> **Given information**
━━━━
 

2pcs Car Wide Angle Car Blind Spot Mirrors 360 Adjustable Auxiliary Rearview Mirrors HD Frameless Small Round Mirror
━━━━
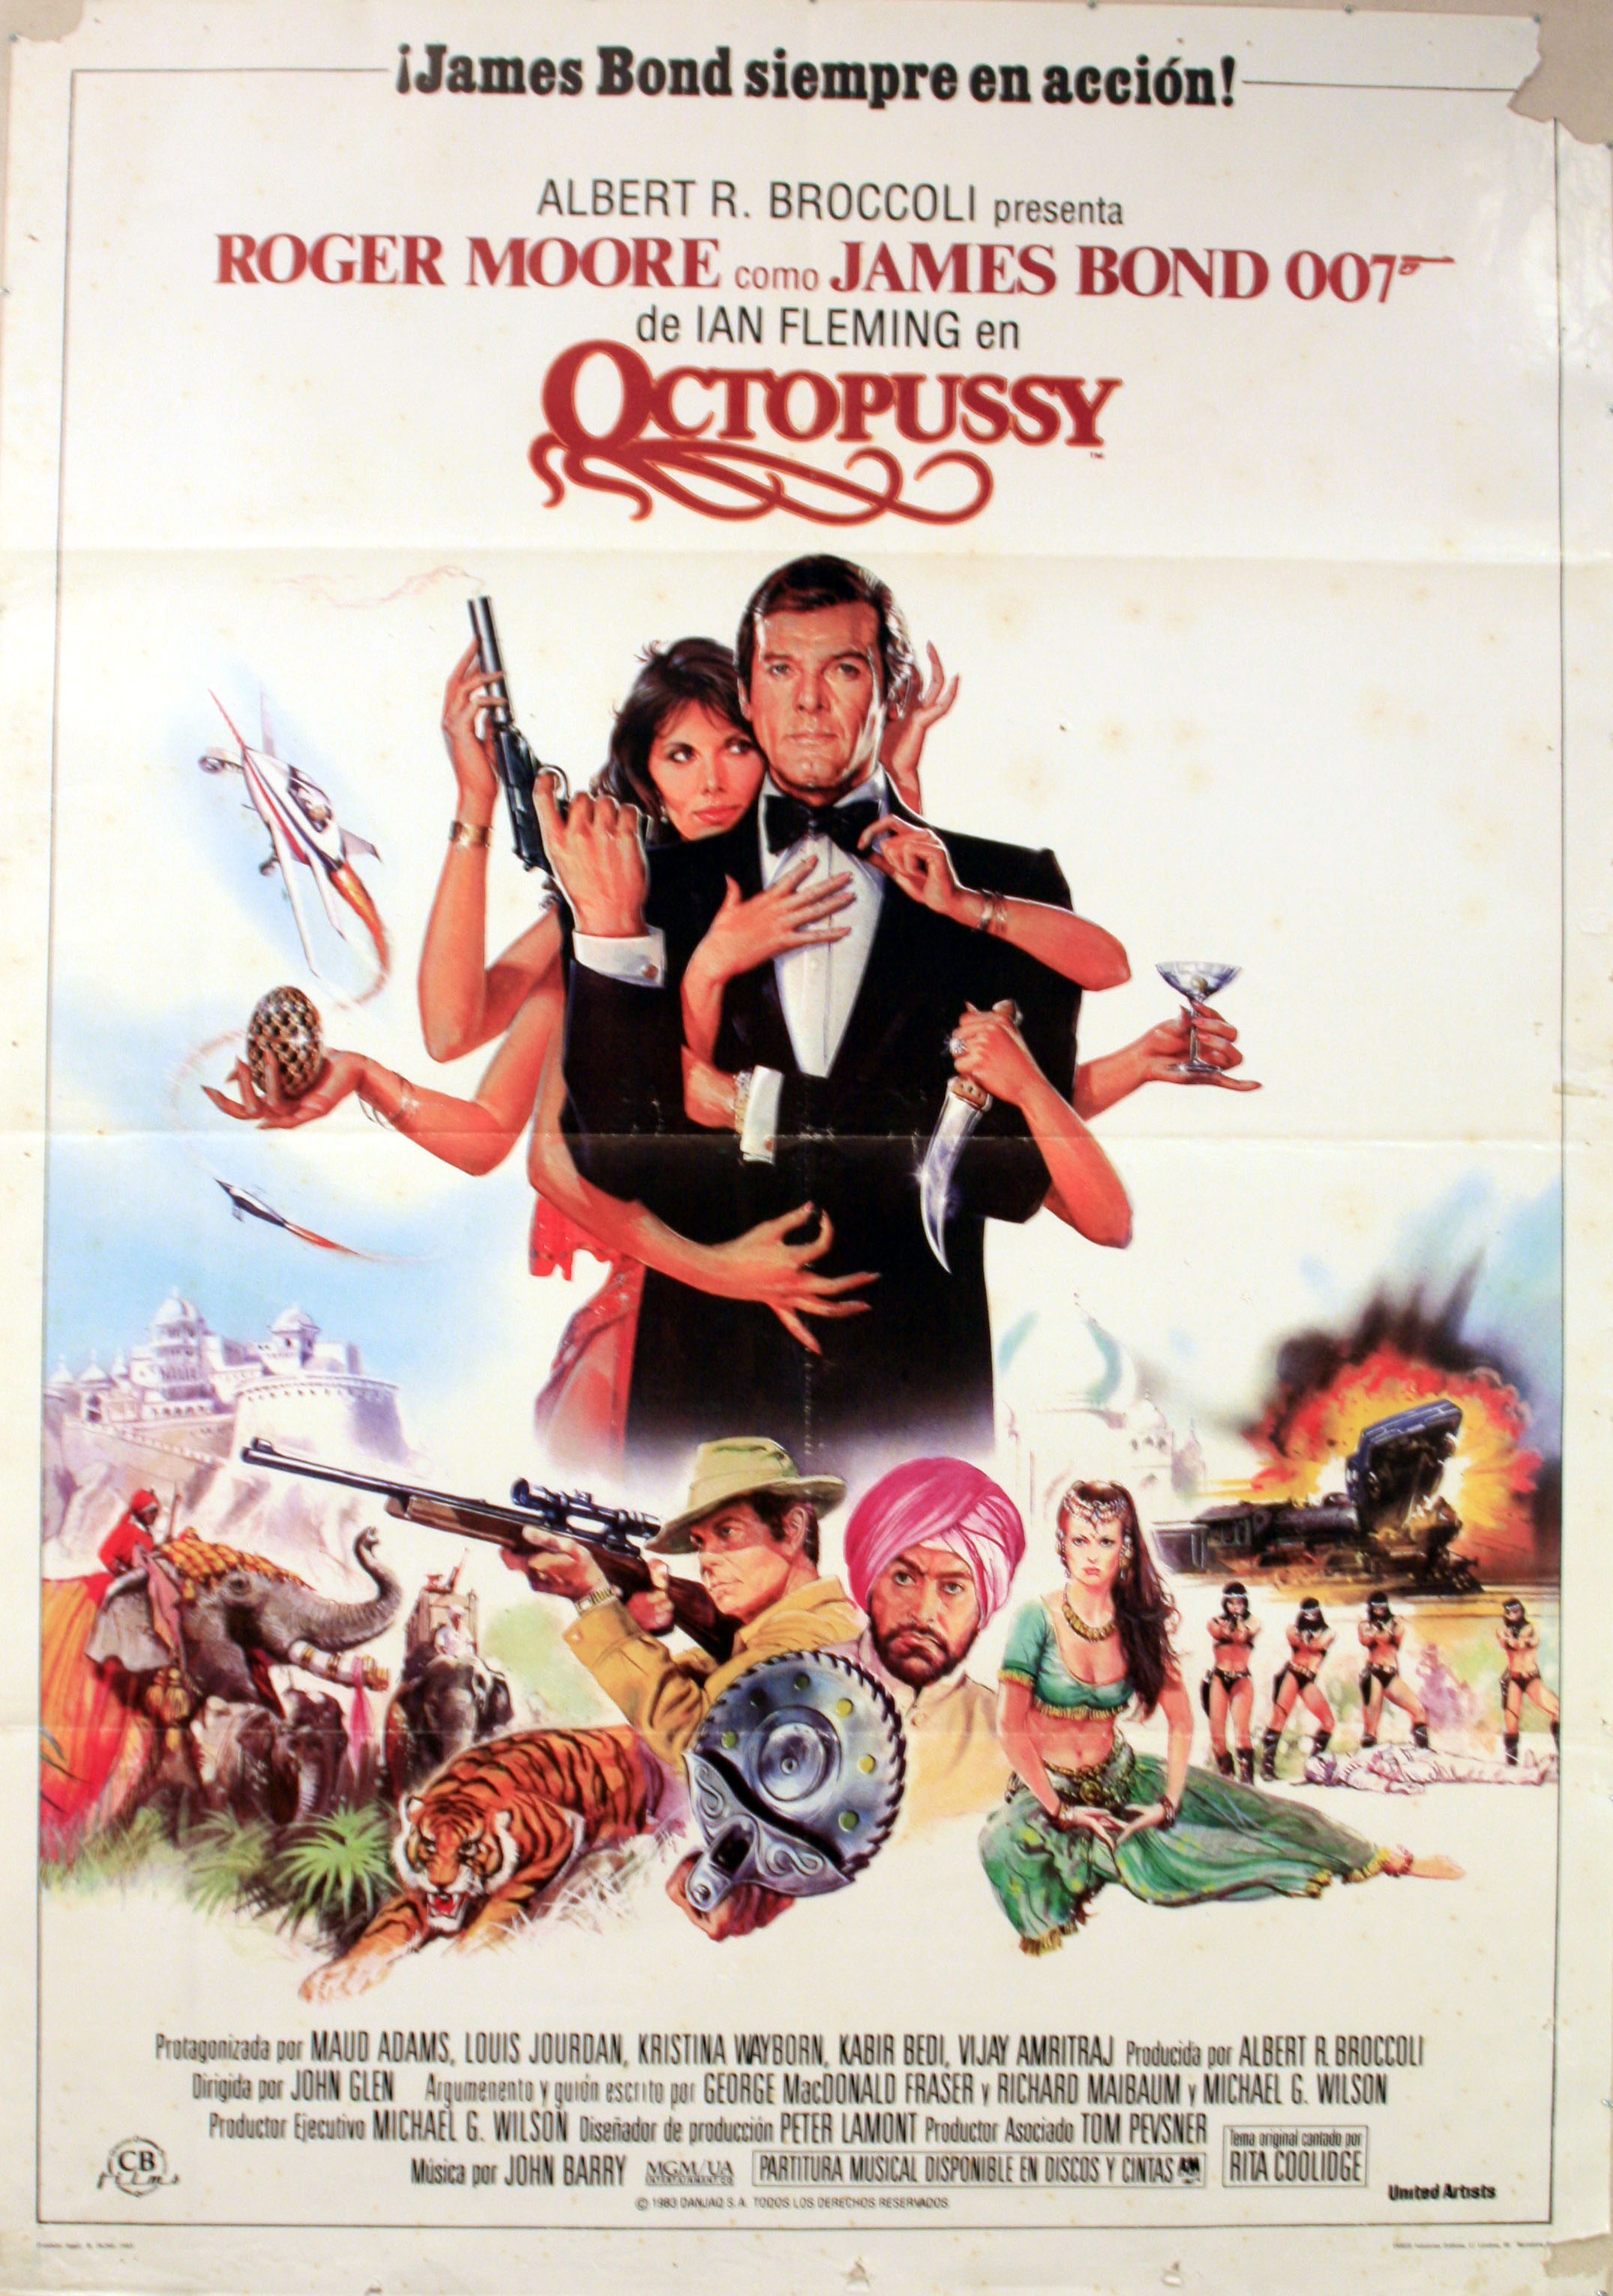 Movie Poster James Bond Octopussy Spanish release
━━━━
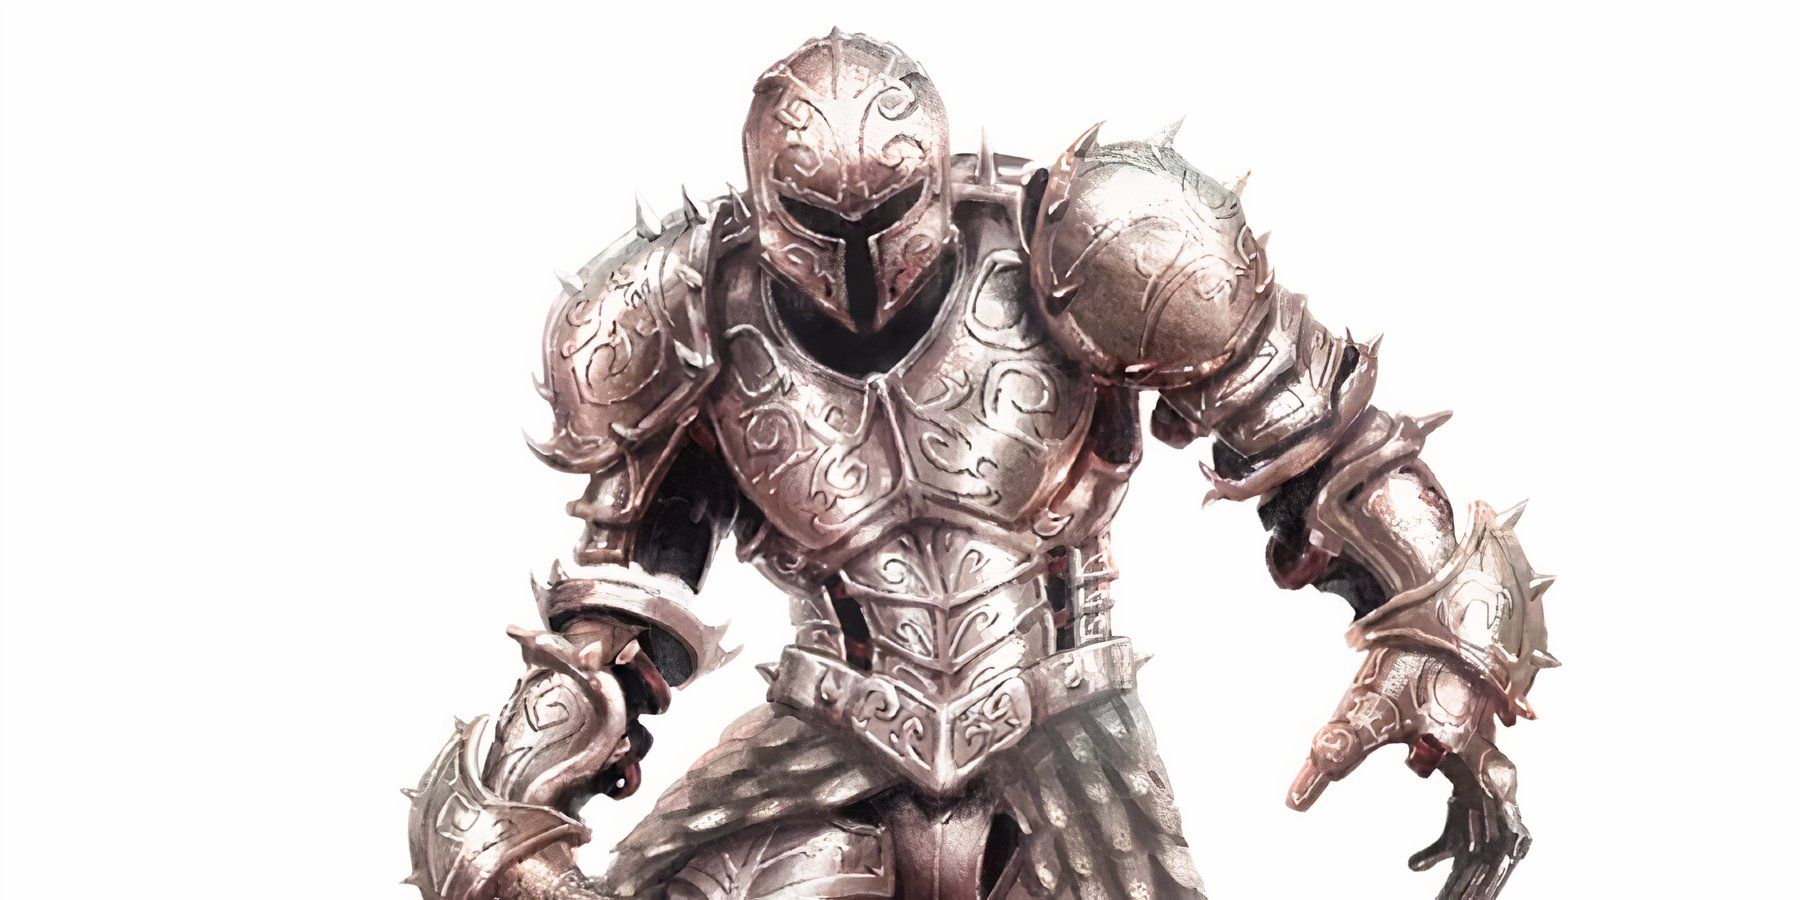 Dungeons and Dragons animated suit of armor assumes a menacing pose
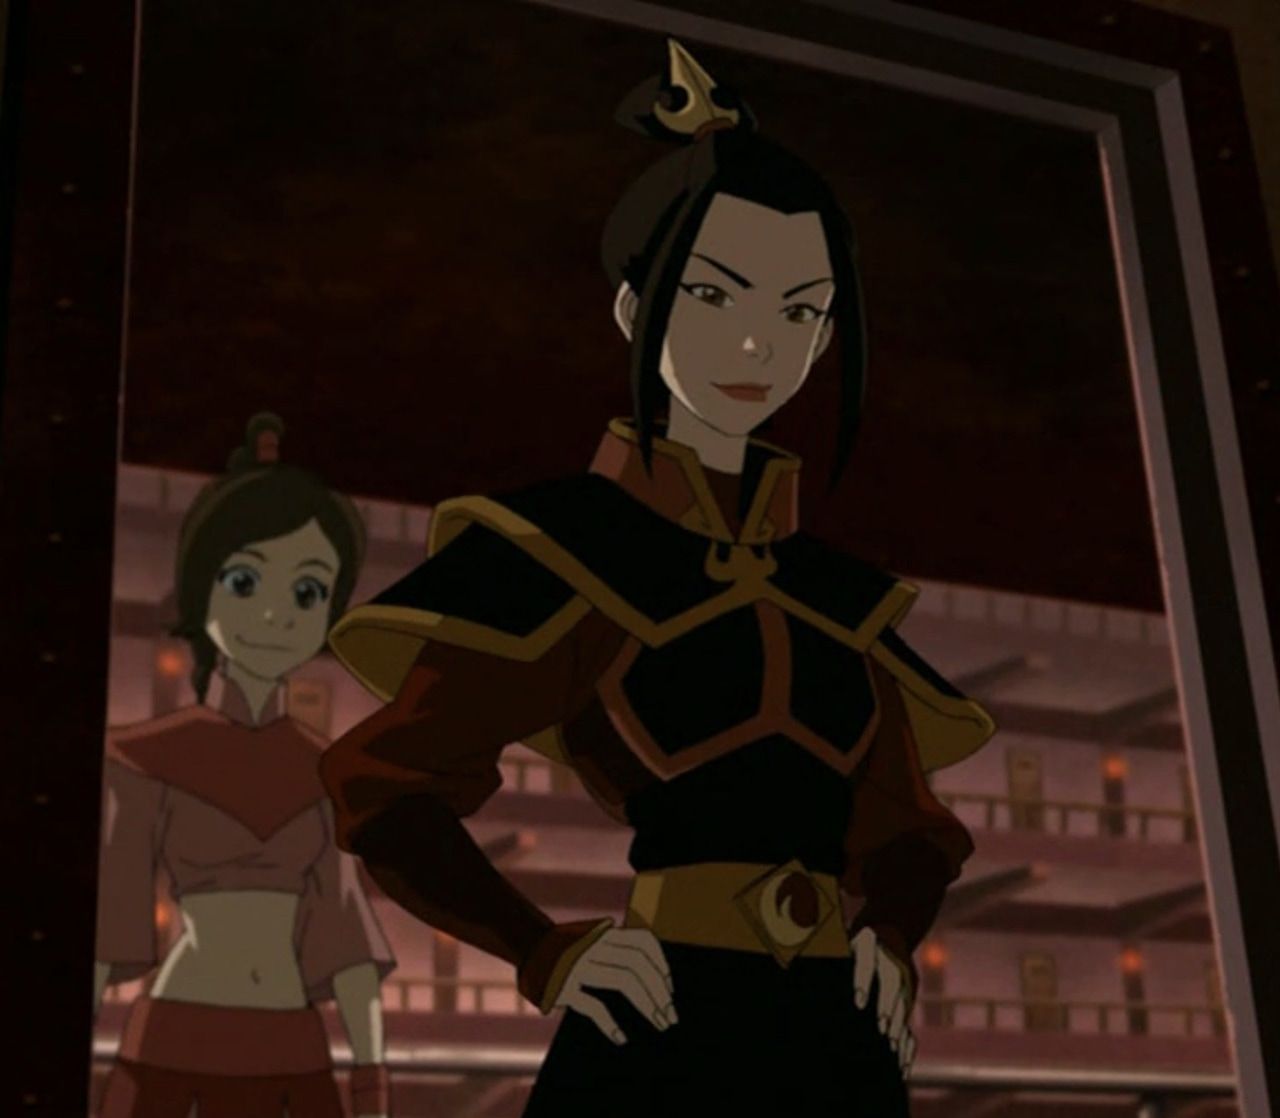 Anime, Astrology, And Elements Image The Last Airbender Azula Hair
━━━━
> **Problem requirements**
Return, exactly as they stand, the lines above from the one with "Dungeons and Dragons" to the one with "Anime, Astrology, And", omitting any pictures among them.

> **Output for this task**
 Dungeons and Dragons animated suit of armor assumes a menacing pose
 Anime, Astrology, And Elements Image The Last Airbender Azula Hair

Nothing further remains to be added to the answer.